──────── GIVEN ENTRIES ────────

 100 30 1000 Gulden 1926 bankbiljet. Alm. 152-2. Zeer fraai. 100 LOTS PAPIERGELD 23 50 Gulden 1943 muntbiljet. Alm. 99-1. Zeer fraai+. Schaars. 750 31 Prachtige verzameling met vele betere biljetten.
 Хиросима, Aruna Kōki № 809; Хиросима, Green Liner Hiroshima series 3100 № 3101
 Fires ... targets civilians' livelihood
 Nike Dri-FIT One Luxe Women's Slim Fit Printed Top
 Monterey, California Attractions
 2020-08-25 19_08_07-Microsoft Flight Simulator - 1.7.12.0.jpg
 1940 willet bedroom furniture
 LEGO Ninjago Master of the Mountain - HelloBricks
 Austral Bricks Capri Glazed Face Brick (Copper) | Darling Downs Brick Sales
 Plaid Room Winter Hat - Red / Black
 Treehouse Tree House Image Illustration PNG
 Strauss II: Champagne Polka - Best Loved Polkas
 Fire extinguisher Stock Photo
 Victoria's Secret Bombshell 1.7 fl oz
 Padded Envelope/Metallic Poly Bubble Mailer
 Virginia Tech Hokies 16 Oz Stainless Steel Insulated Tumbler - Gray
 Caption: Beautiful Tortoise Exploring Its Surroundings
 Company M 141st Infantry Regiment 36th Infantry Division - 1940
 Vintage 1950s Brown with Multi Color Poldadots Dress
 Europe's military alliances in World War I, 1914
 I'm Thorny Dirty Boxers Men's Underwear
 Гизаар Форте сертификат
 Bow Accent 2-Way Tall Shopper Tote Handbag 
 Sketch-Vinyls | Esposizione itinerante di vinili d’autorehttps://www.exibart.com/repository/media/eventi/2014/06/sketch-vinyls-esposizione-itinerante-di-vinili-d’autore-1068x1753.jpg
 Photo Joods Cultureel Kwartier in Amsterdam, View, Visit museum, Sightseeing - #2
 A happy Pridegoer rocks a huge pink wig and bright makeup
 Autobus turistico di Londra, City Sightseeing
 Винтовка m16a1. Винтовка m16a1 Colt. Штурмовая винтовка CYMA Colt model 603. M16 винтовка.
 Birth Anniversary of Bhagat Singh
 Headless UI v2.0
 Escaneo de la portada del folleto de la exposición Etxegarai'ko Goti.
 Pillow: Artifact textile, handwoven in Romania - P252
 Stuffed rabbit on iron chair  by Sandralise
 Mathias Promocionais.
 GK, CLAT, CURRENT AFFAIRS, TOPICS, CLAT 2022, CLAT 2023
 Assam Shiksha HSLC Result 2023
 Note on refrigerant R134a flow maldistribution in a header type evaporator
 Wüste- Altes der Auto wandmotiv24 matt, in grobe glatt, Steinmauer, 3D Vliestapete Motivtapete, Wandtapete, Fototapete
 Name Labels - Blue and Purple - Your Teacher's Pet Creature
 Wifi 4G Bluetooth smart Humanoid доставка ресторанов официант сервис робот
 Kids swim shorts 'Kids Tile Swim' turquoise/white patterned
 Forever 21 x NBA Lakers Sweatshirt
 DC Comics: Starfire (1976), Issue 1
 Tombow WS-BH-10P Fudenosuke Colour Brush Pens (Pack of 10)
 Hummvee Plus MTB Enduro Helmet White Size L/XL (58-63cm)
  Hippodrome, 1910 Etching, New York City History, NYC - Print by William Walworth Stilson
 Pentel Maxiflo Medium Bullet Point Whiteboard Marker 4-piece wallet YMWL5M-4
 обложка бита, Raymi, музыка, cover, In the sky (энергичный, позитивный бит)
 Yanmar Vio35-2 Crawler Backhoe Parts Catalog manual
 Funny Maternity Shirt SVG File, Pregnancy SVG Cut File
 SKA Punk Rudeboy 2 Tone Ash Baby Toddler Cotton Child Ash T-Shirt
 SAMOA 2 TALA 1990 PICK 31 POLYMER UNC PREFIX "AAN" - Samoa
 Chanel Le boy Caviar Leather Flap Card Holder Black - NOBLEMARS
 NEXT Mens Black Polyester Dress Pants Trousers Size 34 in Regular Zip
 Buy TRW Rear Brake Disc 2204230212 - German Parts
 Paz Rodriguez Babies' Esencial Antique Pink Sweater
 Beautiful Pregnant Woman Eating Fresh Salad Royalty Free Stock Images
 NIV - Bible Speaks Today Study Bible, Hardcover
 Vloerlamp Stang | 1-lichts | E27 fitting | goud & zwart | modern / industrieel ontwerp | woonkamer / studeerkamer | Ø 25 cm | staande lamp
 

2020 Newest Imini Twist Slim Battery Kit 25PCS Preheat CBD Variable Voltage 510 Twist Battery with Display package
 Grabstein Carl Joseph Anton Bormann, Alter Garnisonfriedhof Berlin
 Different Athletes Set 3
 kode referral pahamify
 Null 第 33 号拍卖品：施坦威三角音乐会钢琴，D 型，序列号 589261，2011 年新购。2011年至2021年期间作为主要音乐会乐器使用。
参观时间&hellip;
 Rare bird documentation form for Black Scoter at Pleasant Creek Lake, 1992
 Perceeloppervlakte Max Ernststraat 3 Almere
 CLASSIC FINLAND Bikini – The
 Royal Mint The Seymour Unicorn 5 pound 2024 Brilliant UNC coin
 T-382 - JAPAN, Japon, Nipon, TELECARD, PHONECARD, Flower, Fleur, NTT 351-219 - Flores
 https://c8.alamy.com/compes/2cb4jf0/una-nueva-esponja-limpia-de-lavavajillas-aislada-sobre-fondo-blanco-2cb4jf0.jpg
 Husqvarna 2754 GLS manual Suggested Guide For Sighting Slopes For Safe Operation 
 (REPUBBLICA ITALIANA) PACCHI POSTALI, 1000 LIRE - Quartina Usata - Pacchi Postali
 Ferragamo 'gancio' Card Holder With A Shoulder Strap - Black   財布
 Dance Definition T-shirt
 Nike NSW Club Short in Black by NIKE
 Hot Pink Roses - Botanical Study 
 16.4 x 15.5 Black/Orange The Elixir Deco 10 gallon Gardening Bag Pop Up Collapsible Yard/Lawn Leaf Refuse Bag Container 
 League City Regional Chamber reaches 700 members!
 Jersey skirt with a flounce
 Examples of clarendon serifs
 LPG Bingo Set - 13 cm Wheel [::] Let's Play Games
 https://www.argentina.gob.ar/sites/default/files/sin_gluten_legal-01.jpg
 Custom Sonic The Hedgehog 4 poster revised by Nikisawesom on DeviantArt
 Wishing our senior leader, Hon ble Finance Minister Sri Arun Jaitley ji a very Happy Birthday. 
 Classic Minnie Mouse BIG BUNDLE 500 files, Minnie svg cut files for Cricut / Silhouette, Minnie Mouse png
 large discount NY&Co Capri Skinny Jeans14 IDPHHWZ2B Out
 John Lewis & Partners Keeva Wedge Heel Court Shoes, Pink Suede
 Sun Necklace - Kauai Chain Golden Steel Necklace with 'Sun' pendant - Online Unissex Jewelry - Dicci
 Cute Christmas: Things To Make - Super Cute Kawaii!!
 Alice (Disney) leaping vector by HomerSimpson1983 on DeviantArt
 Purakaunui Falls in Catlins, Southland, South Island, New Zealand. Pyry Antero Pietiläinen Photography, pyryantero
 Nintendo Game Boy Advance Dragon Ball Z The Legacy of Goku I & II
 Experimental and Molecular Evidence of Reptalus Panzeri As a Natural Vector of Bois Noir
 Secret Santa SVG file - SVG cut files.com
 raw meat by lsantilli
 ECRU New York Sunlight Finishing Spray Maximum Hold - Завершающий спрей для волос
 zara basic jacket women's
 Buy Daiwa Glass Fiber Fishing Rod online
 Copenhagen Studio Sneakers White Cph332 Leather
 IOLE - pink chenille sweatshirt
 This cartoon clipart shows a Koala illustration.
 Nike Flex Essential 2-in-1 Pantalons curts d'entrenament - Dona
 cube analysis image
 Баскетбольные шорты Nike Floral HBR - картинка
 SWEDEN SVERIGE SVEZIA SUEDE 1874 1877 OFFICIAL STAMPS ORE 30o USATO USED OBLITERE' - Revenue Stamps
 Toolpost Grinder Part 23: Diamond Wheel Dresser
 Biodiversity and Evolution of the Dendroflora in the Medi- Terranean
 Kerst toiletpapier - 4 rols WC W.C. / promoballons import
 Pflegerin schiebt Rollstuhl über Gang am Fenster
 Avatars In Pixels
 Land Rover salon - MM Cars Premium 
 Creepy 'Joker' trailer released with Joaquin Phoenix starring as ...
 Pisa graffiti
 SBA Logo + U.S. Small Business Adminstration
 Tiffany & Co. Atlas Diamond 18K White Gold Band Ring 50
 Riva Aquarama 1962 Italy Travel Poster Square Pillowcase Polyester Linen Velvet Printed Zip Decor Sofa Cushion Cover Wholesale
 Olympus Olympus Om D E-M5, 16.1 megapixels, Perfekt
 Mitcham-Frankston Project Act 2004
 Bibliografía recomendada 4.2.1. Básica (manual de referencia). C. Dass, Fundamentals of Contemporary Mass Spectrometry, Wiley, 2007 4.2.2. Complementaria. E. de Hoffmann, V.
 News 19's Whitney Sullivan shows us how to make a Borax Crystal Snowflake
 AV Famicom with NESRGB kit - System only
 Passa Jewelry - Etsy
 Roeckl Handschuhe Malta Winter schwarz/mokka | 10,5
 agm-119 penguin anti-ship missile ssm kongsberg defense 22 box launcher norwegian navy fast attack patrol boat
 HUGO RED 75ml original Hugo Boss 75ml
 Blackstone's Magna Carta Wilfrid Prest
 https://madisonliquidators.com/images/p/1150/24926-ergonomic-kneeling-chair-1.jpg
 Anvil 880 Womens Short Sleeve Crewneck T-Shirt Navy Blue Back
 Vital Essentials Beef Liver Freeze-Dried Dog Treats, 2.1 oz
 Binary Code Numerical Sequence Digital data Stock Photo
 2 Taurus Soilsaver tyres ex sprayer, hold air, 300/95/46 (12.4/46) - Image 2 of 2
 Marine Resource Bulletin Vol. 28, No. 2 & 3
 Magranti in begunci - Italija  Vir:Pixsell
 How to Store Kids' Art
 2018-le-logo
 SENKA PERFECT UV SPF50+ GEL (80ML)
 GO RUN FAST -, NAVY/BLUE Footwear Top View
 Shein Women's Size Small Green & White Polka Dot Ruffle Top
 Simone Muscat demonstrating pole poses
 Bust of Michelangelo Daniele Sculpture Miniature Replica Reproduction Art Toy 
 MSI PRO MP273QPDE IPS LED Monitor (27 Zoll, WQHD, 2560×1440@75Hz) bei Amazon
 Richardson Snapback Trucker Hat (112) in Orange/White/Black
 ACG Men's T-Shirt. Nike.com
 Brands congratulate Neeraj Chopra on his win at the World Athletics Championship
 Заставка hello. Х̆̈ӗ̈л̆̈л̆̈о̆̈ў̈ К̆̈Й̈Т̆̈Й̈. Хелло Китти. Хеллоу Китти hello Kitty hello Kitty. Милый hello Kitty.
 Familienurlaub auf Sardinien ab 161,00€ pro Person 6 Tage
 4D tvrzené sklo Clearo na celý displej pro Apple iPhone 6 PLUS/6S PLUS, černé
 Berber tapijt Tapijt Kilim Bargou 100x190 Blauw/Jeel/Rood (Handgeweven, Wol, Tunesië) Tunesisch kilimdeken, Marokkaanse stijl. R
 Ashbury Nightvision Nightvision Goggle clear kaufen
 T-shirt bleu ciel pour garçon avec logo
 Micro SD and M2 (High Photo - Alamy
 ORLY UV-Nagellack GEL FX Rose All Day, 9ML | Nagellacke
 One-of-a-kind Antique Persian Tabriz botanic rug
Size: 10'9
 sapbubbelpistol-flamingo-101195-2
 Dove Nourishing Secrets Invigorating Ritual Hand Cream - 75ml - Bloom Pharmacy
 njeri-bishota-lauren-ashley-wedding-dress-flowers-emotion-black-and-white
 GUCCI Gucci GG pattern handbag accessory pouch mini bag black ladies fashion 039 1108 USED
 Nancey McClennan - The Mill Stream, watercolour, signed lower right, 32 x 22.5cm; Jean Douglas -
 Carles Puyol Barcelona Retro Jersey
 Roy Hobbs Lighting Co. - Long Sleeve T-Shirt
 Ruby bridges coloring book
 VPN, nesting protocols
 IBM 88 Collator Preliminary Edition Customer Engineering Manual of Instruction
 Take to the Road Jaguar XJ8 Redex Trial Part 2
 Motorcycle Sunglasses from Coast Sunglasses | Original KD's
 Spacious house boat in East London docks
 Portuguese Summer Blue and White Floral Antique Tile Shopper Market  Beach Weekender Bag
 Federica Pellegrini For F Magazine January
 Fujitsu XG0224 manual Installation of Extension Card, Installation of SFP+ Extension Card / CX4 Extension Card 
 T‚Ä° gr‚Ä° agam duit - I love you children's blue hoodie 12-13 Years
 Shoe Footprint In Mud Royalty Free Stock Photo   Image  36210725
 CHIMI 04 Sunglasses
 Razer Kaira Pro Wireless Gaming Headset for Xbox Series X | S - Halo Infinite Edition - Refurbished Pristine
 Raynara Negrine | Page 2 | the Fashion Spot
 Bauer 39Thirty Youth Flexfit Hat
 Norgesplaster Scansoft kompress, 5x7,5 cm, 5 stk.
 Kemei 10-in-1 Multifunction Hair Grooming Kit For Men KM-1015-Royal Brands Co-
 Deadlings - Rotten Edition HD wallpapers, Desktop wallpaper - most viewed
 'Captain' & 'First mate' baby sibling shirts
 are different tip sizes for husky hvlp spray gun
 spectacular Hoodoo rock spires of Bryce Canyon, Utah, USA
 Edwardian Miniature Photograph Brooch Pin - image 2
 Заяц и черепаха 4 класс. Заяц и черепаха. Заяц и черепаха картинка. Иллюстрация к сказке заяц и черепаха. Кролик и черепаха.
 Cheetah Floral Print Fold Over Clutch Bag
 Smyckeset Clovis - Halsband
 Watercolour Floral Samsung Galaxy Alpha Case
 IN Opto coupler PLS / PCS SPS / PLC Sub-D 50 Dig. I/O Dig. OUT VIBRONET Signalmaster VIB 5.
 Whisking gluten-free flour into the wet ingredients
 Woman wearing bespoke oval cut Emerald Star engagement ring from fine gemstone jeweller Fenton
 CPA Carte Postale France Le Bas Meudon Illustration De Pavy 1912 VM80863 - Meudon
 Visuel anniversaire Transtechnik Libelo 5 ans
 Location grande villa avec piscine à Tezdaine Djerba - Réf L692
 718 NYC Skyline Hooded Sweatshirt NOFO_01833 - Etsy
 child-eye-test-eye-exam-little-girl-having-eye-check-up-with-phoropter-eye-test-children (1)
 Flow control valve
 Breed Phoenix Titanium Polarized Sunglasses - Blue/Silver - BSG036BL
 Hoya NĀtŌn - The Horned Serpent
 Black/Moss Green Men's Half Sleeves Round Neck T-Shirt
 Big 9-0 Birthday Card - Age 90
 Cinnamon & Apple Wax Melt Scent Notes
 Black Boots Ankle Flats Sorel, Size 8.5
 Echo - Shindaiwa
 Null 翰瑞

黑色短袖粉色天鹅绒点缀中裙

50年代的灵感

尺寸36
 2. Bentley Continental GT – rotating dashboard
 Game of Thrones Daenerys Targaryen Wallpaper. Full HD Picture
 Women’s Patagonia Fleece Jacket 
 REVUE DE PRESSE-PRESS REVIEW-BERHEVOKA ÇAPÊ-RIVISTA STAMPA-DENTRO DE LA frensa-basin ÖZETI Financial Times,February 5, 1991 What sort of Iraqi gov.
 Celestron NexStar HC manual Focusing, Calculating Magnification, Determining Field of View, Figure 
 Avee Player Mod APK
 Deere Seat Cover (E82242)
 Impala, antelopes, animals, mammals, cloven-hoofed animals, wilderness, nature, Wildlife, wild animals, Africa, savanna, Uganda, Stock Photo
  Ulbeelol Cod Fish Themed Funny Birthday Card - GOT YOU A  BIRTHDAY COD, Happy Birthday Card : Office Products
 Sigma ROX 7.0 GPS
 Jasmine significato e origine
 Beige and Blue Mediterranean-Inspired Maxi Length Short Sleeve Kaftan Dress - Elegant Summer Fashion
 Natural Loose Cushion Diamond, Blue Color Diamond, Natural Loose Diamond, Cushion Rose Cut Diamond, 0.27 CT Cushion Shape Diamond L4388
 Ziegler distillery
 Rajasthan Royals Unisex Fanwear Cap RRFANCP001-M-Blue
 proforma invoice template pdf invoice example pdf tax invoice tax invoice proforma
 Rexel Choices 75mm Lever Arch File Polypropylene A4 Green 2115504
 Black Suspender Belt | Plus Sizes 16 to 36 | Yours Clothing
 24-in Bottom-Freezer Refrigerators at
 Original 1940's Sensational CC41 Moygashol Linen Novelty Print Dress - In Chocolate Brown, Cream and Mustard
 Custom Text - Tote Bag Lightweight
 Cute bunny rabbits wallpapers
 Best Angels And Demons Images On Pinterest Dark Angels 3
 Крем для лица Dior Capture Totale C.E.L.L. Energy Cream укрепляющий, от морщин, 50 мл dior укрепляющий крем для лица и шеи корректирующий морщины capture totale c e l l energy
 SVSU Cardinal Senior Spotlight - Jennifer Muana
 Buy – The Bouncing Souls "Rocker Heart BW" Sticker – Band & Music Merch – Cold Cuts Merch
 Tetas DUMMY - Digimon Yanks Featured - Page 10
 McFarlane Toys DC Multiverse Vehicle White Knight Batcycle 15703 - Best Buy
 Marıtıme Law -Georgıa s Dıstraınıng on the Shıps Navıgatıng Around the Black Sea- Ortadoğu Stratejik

────────

REQUIRED ACTION: The line with "SVSU Cardinal Senior" through the last line of the entries above: output exactly those lines and nothing else.

YOUR SOLUTION:
 SVSU Cardinal Senior Spotlight - Jennifer Muana
 Buy – The Bouncing Souls "Rocker Heart BW" Sticker – Band & Music Merch – Cold Cuts Merch
 Tetas DUMMY - Digimon Yanks Featured - Page 10
 McFarlane Toys DC Multiverse Vehicle White Knight Batcycle 15703 - Best Buy
 Marıtıme Law -Georgıa s Dıstraınıng on the Shıps Navıgatıng Around the Black Sea- Ortadoğu Stratejik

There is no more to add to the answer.